Oh I'm so scared! They might cancel the ability to rip me off, lie to me, and make money off my back! ? Besides I have solicited cash rides right in the Uber lounge in the Uber parking lot right in front of uber staff.. these kids are making $15 an hour to sit there and have no gas or car expenses. They are making more than the drivers at times. And they don't even care that I got cash rides.. plus it's technically ok as it's not a street hail as I was out of my car and on foot... so what if my car was parked in the Uber lot.
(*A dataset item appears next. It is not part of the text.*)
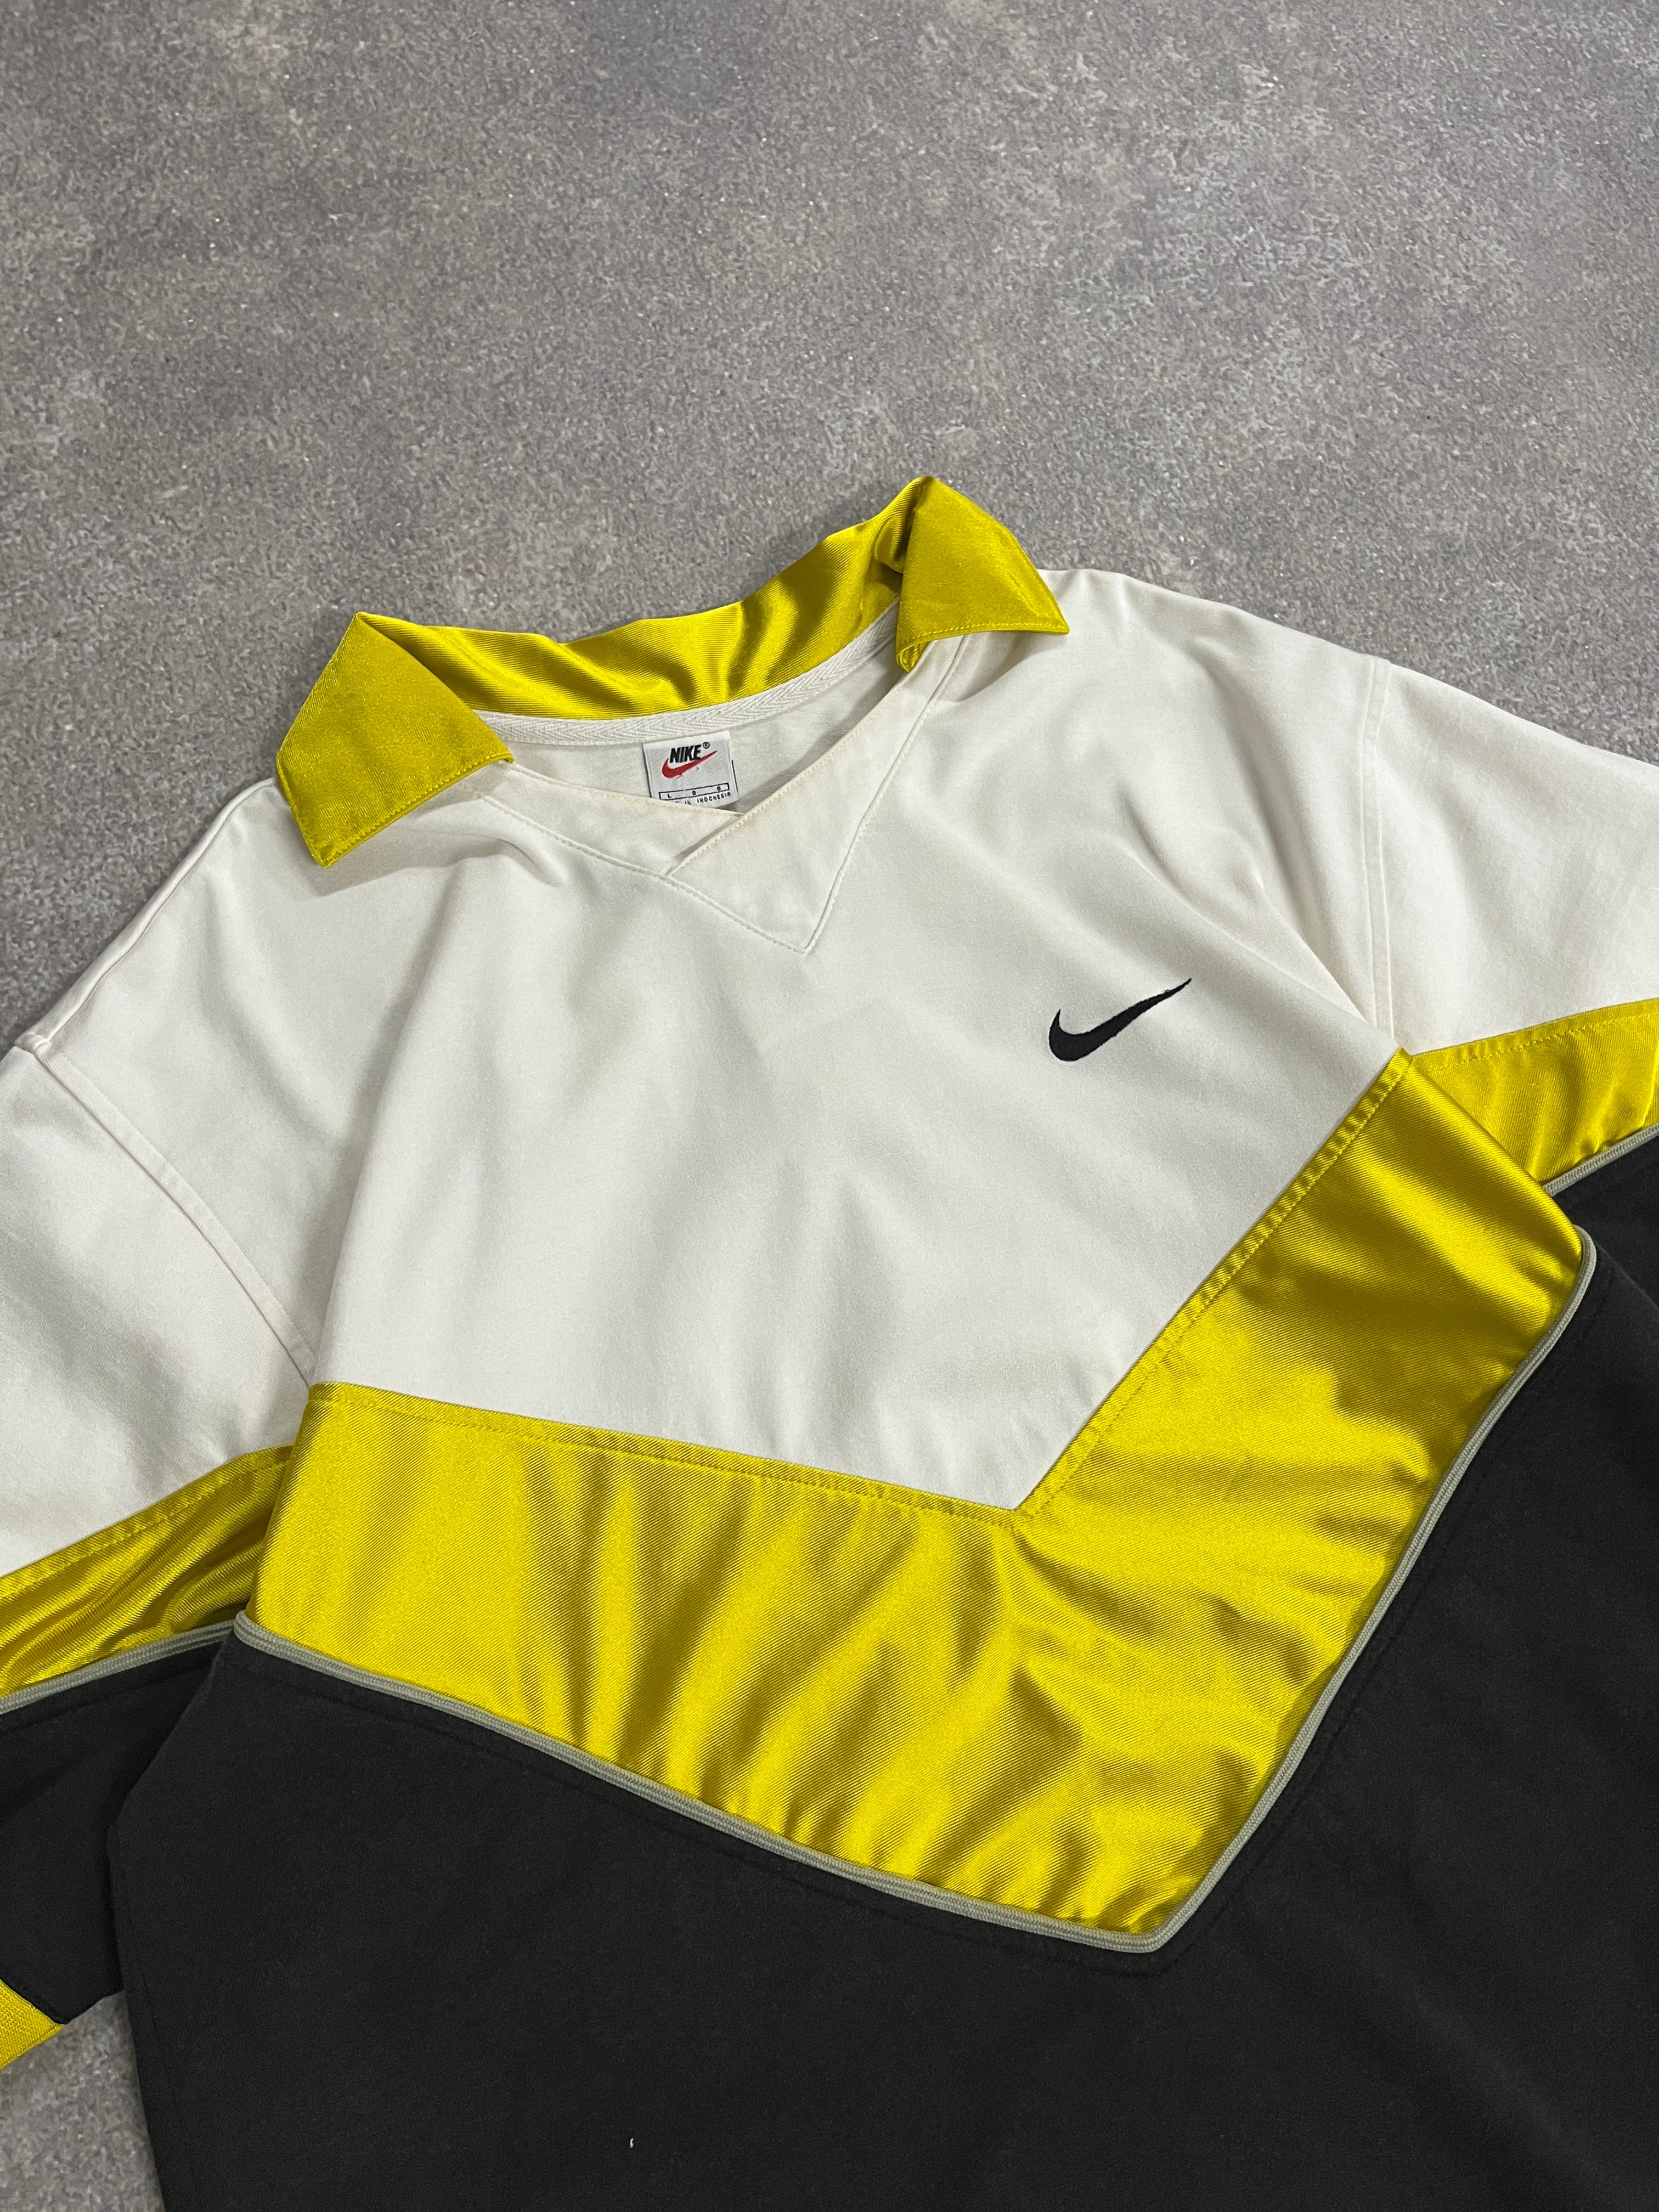 Vintage Nike Jersey TShirt White // Large - RHAGHOUSE VINTAGE

I have no respect for uber with how they strait up lie and cheat people and deserve the same back.


----------



## Waquiber (Aug 17, 2015)

Just got the same email of srf being raised to $1.45 Starting tomorrow. We'll see tomorrow if they increase the minimum fare to cover the srf.


----------



## The_One (Sep 9, 2015)

Waquiber said:


> Just got the same email of srf being raised to $1.45 Starting tomorrow. We'll see tomorrow if they increase the minimum fare to cover the srf.
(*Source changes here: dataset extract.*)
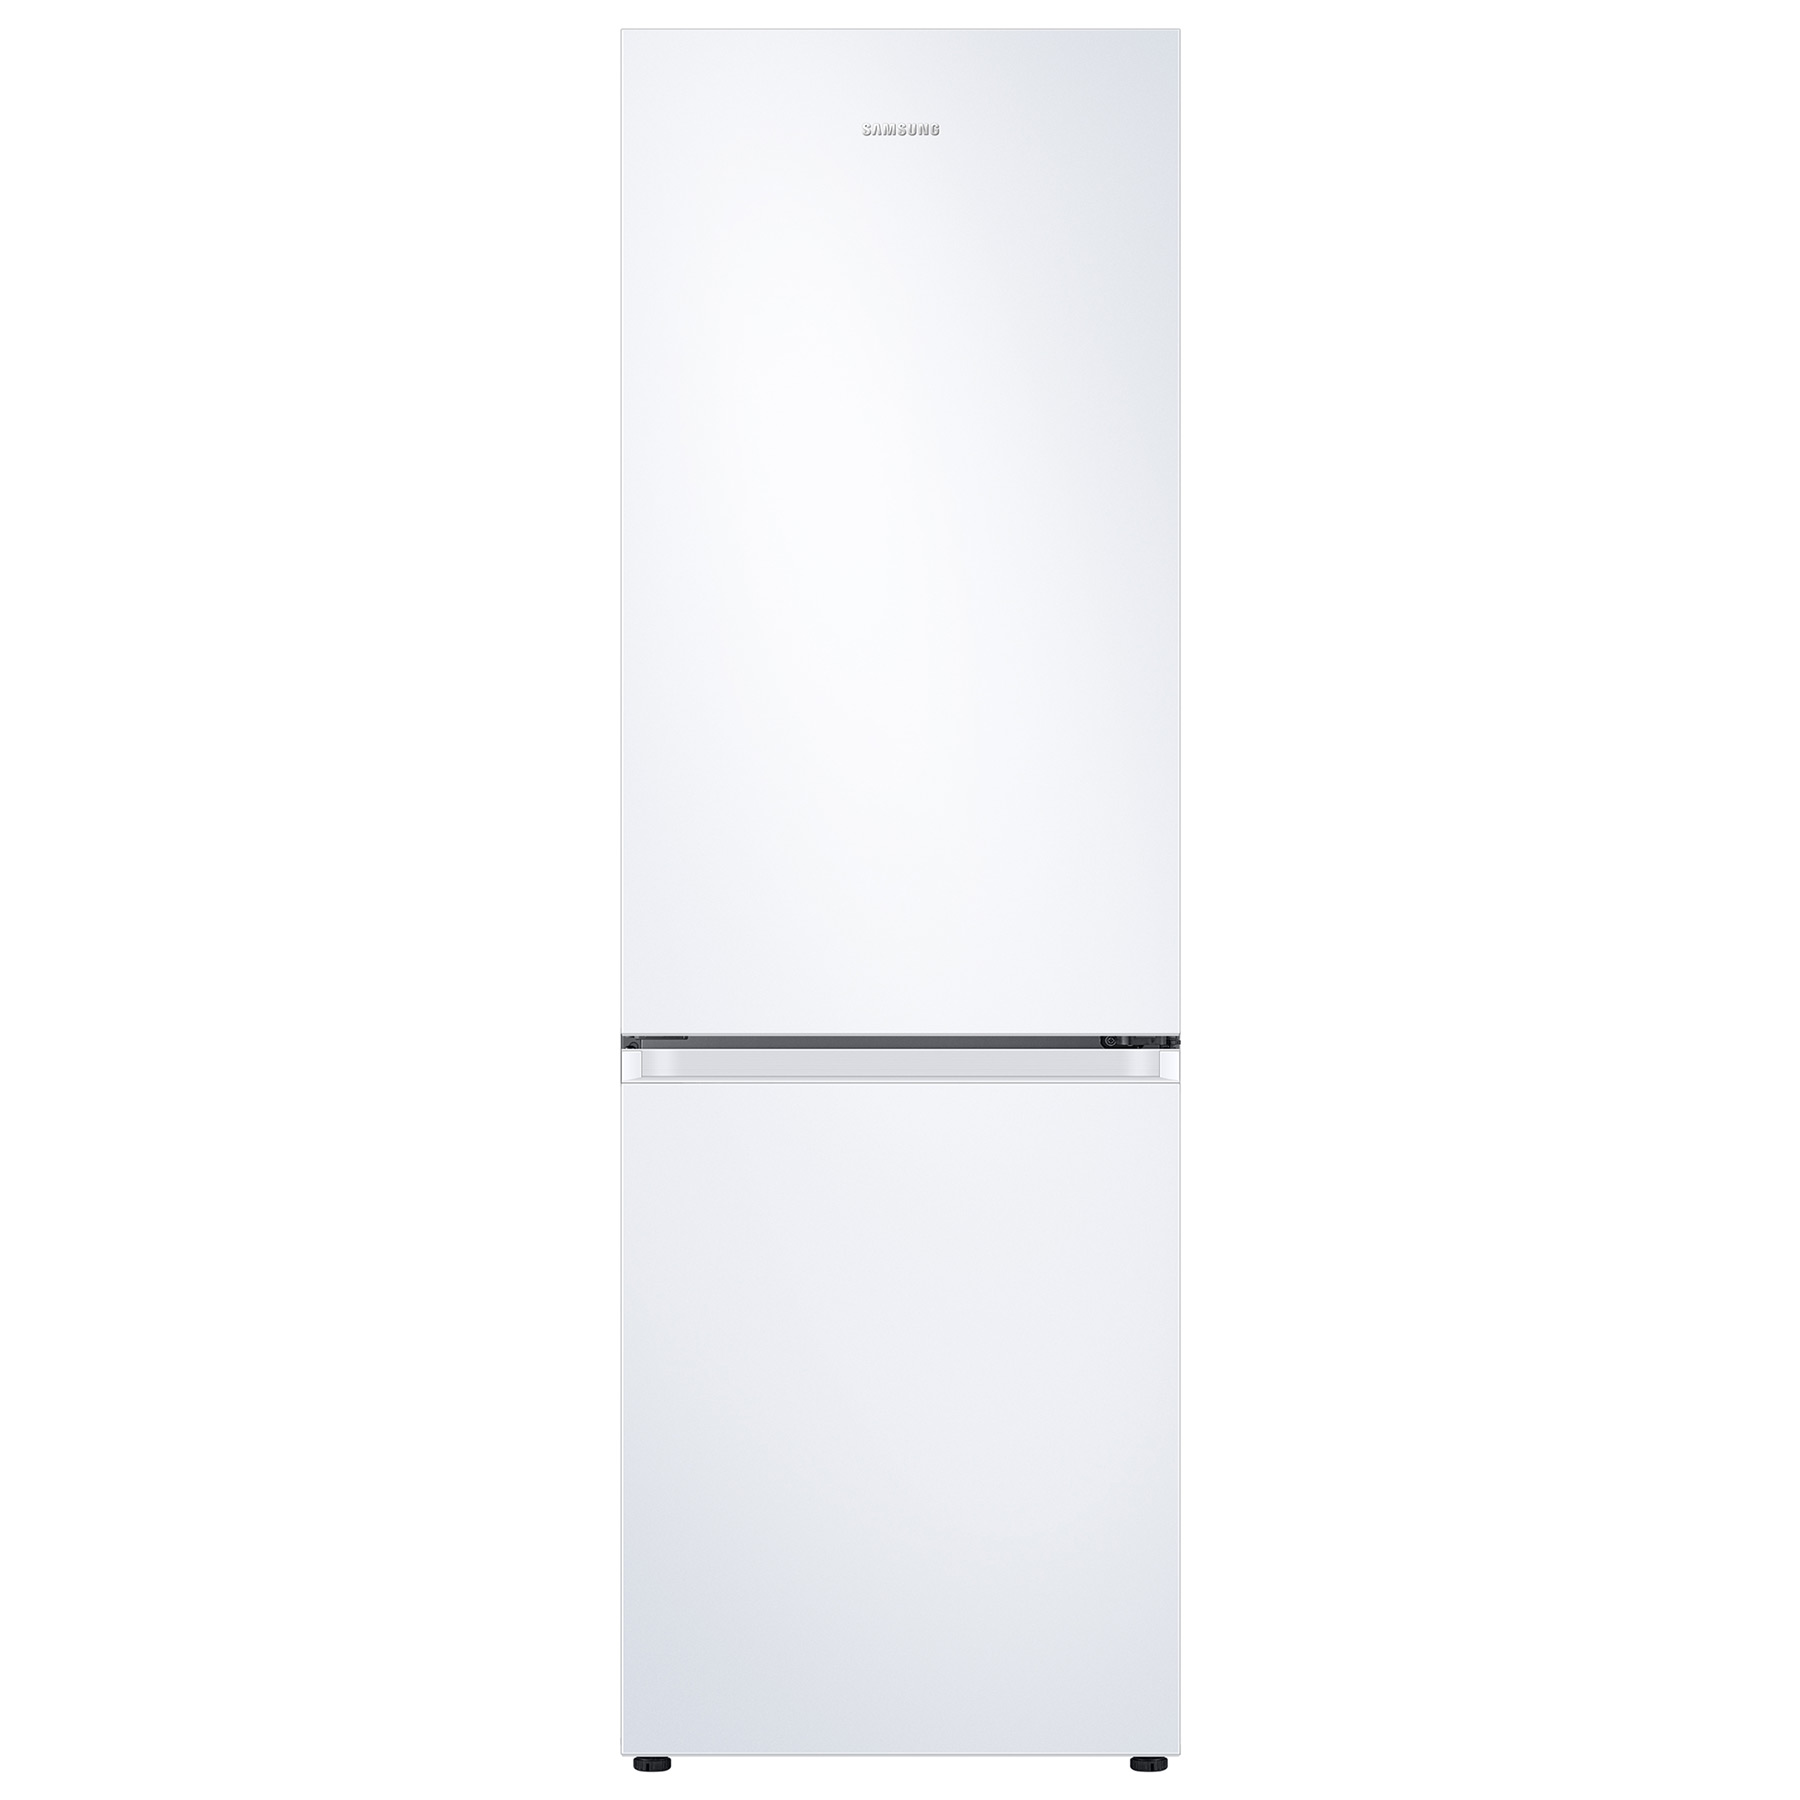 Samsung RB34T602EWW 60cm Frost Free Fridge Freezer in White 1 83m E

Fares never increase, where have you been.


----------



## Waquiber (Aug 17, 2015)

It might not increase for us but it should At least increase by $0.45 for the passengers to cover the additional srf fee.


----------



## UberXTampa (Nov 20, 2014)

Waquiber said:


> It might not increase for us but it should At least increase by $0.45 for the passengers to cover the additional srf fee.


SRF increase is fare increase in disguise.
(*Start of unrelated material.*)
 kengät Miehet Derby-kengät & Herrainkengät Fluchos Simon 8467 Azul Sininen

Uber says to drivers: "We raise the fares, but none of this new revenue is for you!"


----------



## JustPaxingThru (Jun 18, 2015)

chi1cabby said:


> Where is *here?*


Oops. Sorry. "Here" being the Harrisburg area.


----------



## UberXTampa (Nov 20, 2014)

fork2323 said:


> Oh I'm so scared! They might cancel the ability to rip me off, lie to me, and make money off my back! ? Besides I have solicited cash rides right in the Uber lounge in the Uber parking lot right in front of uber staff.. these kids are making $15 an hour to sit there and have no gas or car expenses. They are making more than the drivers at times. And they don't even care that I got cash rides.. plus it's technically ok as it's not a street hail as I was out of my car and on foot... so what if my car was parked in the Uber lot. I have no respect for uber with how they strait up lie and cheat people and deserve the same back.


I am an active driver myself with almost 3K rides so far.

I don't mean to scare you. I am in your side as a driver. but, I will not risk it personally.

Good Luck with whatever you do to stick it to Uber.


----------



## chi1cabby (May 28, 2014)

Dayton Ohio
*$1.85 SRF*


----------



## UberL (Jul 8, 2015)

newsboy559 said:


> I wasn't sure where to put this one, so the complaints sectioned seemed most appropriate.
> 
> We just got an email here in Wichita from Uber notifying us that they are raising the safe ride fee to $1.40 effective tomorrow. But it appears the email is market specific to Wichita and our neighbors up in Kansas City did not receive such a notice.
> 
> Certainly, they can't be raising the fee in one tiny little market in the middle of nowhere. Anyone else get this?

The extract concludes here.